Achondroplasia is inherited by an autosomal dominant gene that causes abnormal cartilage formation. Autosomal dominant inheritance means that the gene is located on one of the autosomes (chromosome pairs 1 through 22). This means that males and females are equally affected. Dominant means that only one gene is necessary to have the trait. When a parent has a dominant trait, there is a 50% chance that any child they have will also inherit the trait. So, in some cases, the child inherits the achondroplasia from a parent with achondroplasia. The majority of achondroplasia cases (80%), however, are the result of a new mutation in the family — the parents are of average height and do not have the abnormal gene.

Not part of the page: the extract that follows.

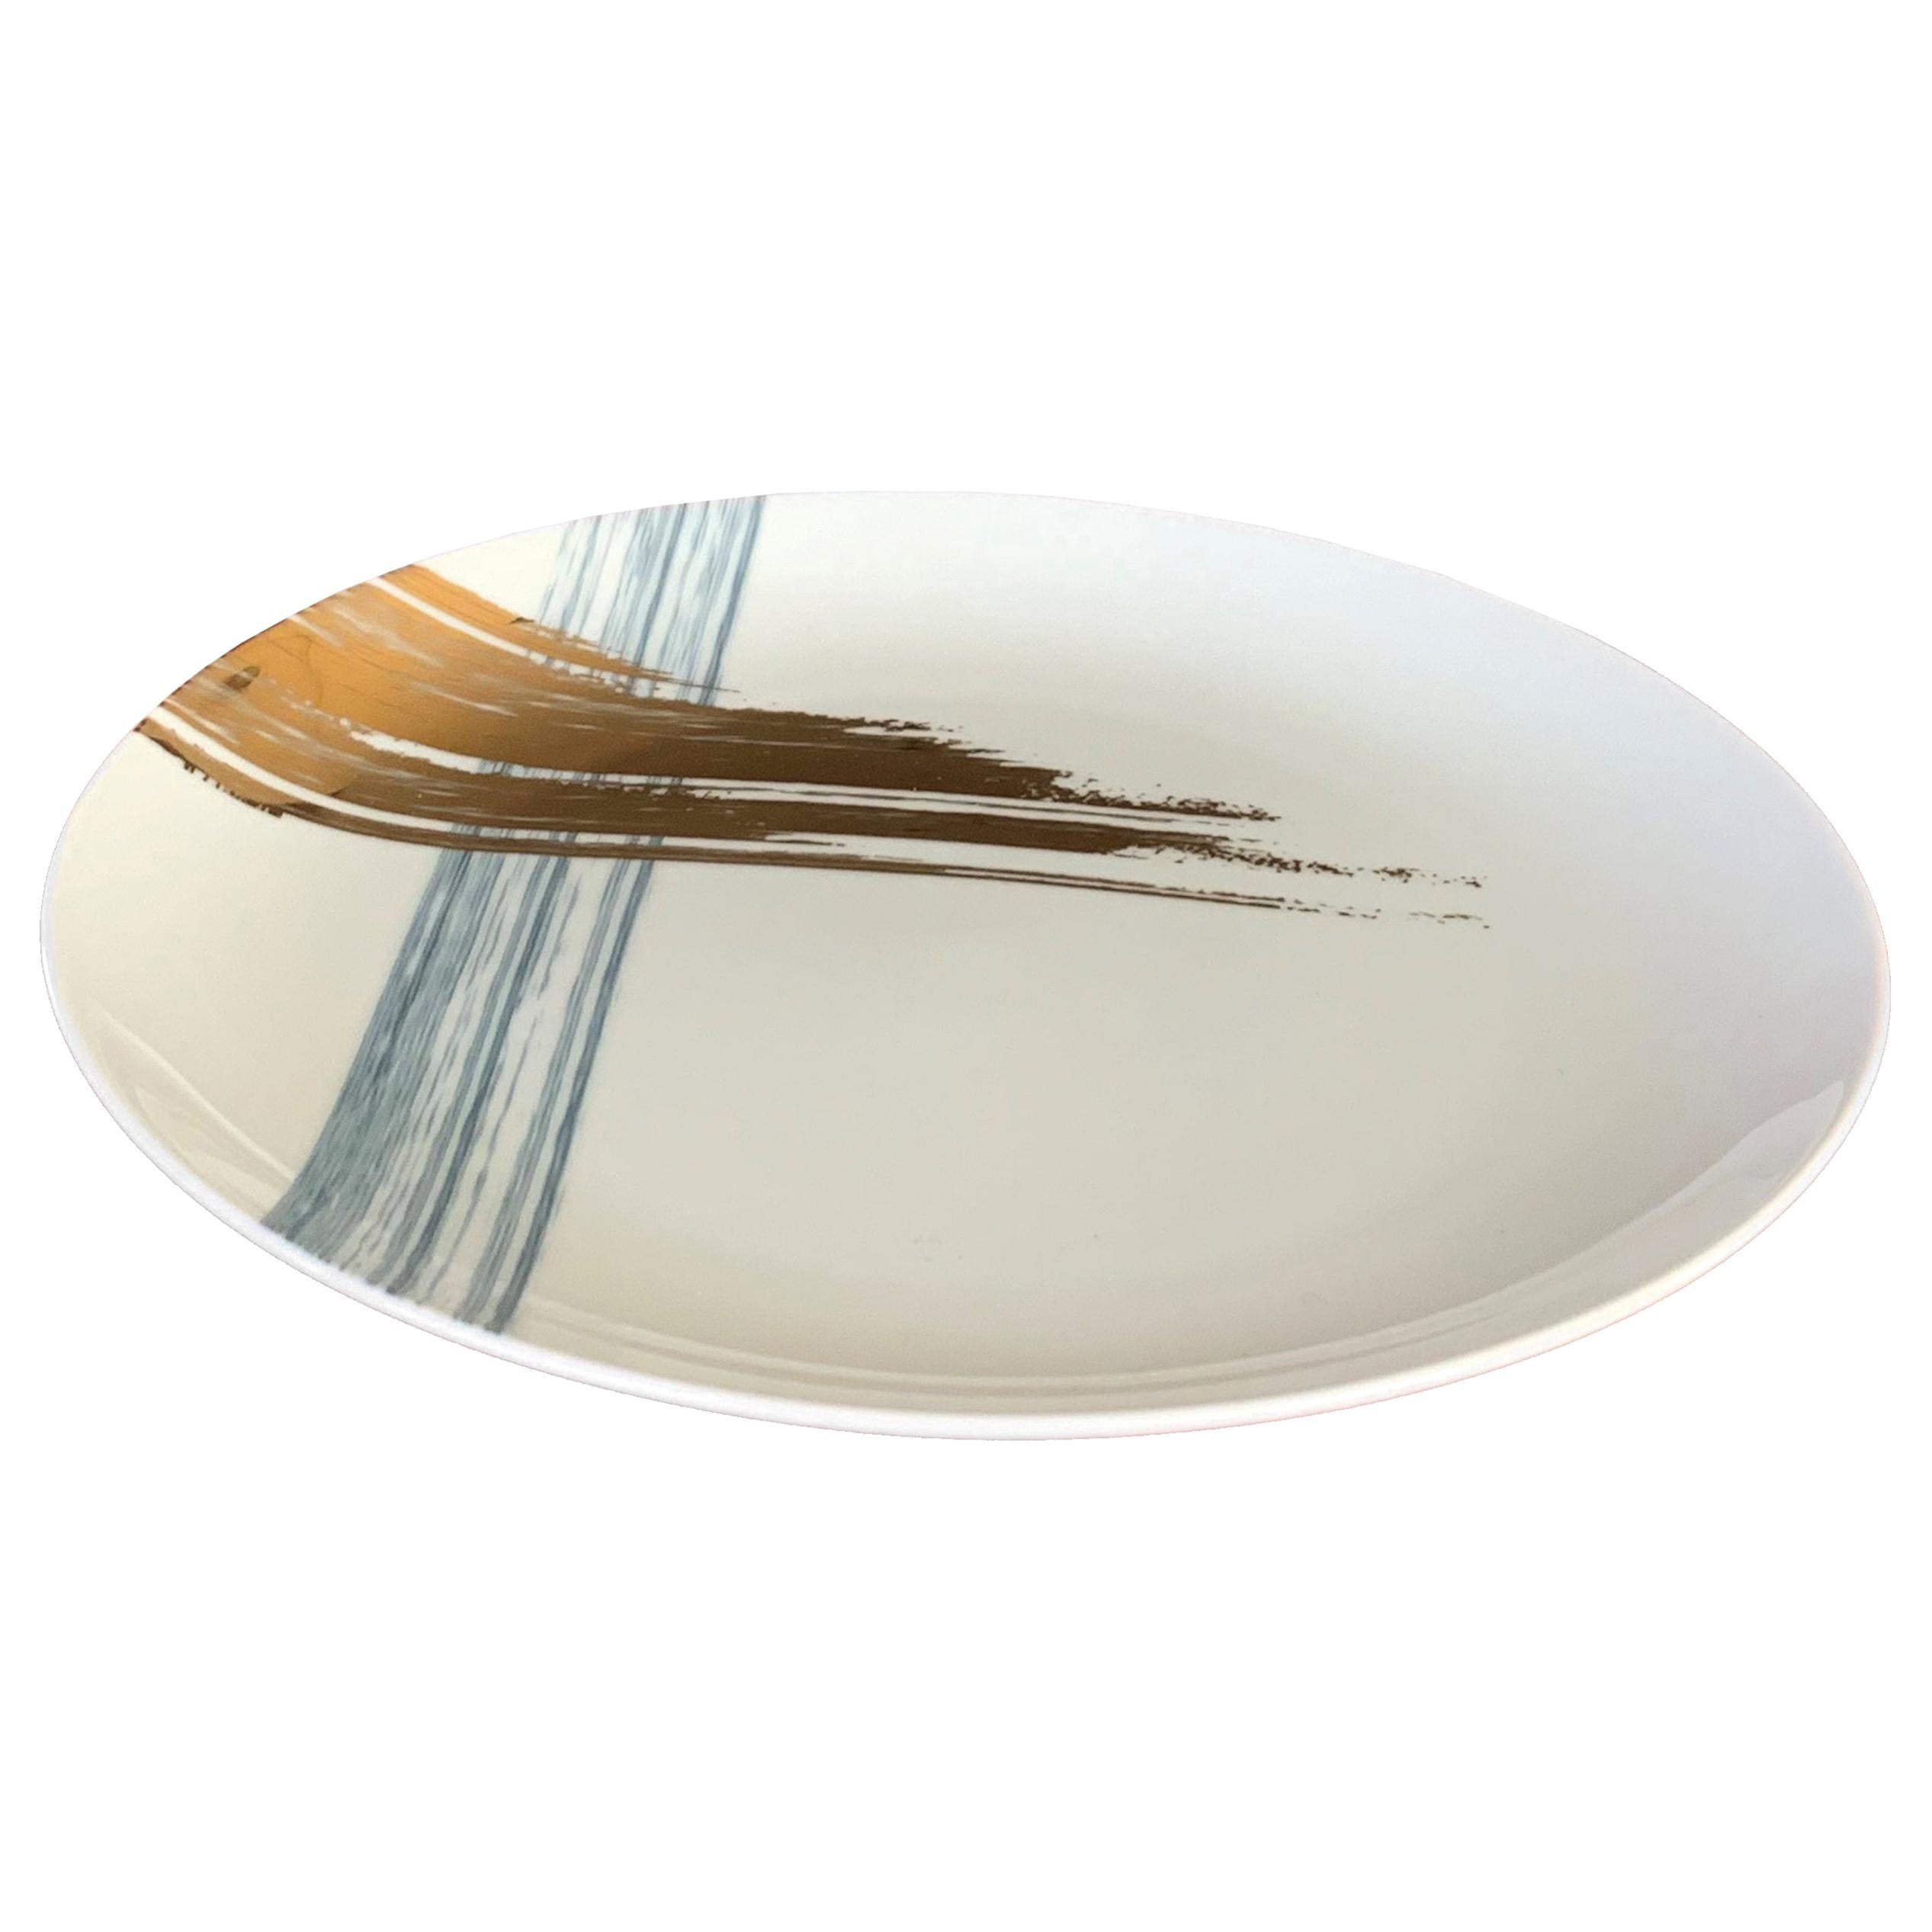 Set of 2 Dinner Plate Artisan Brush André Fu Living Tableware New For Sale
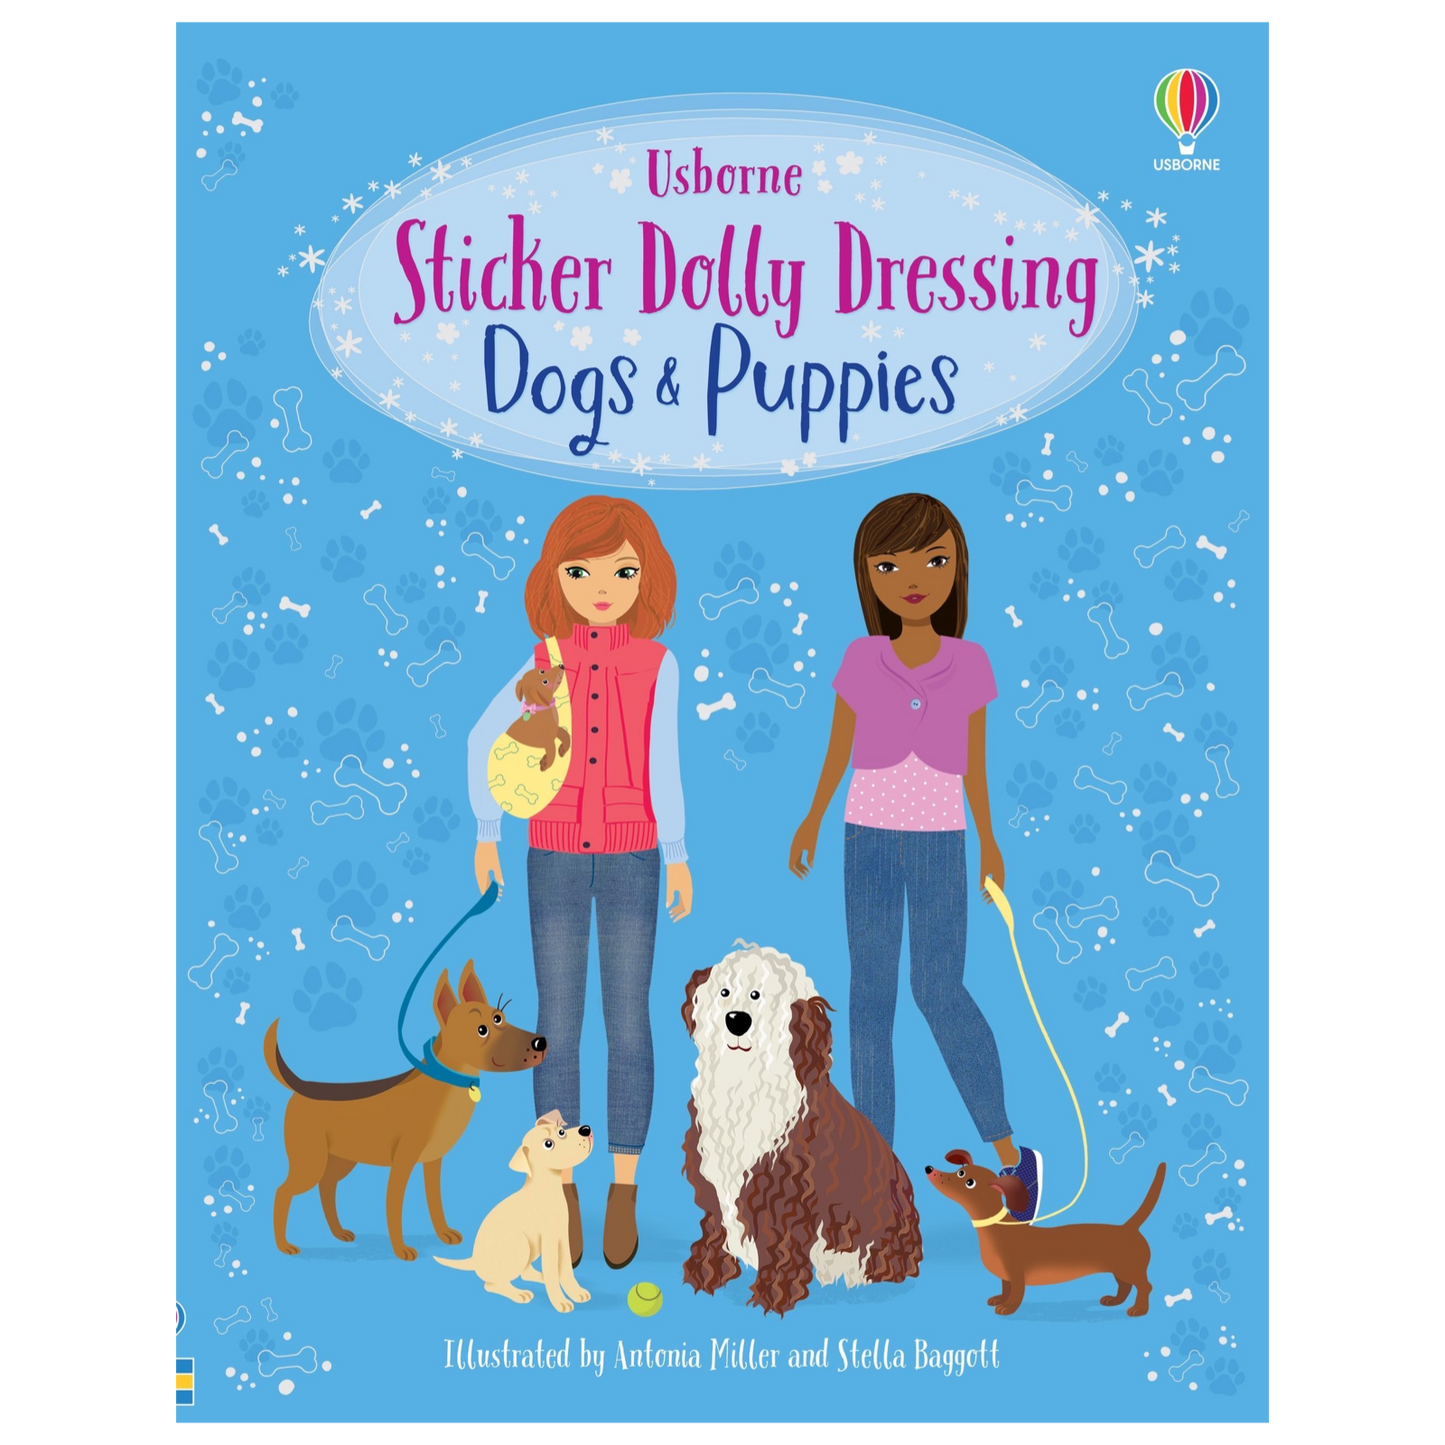 UB Sticker Dolly Dressing Book

As mentioned, persons with achondroplasia have a 50% chance to pass the gene to a child, resulting in the condition. If both parents have achondroplasia, with each pregnancy, there is a 50% chance to have a child with achondroplasia, a 25% chance that the child will not inherit the gene and be of average height, and a 25% chance that the child will inherit one abnormal gene from each parent, which can lead to severe skeletal problems that often result in early death.
Geneticists have found that fathers who are older than 45 have a higher chance of having children with certain autosomal dominant conditions such as achondroplasia, but no cause for the new mutations in sperm has been discovered at this time.
The gene responsible for achondroplasia was discovered in 1994 making accurate prenatal diagnosis available, in most cases.